[[ THE INPUT open ]]
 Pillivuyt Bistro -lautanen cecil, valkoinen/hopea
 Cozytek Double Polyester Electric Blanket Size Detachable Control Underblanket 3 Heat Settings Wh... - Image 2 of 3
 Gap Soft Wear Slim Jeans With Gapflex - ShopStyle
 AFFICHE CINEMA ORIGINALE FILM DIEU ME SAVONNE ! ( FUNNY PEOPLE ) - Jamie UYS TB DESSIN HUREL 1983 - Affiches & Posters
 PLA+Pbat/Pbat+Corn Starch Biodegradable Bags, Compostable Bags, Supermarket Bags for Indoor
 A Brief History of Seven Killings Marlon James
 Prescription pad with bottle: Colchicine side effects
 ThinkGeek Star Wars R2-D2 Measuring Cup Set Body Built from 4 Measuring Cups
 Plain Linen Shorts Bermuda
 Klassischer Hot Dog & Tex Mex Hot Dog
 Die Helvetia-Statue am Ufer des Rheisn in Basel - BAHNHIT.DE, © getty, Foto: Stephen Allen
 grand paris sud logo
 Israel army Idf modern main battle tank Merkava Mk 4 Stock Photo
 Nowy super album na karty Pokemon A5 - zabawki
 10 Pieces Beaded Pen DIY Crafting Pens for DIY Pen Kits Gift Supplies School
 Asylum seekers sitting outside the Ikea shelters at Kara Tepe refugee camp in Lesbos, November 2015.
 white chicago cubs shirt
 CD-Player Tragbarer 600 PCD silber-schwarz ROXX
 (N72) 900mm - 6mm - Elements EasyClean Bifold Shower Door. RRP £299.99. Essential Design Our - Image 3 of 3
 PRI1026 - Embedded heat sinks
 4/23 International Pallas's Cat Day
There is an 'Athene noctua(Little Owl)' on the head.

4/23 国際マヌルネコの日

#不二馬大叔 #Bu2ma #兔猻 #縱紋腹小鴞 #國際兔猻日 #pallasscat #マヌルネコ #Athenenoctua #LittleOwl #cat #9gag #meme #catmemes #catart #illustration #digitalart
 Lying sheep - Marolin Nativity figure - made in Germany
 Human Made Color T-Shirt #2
[[ THE INPUT closed ]]
**EXERCISE BRIEF:**
What belongs in the answer is each line from the listing above that contains "Image".

**RESULT:**
 Cozytek Double Polyester Electric Blanket Size Detachable Control Underblanket 3 Heat Settings Wh... - Image 2 of 3
 (N72) 900mm - 6mm - Elements EasyClean Bifold Shower Door. RRP £299.99. Essential Design Our - Image 3 of 3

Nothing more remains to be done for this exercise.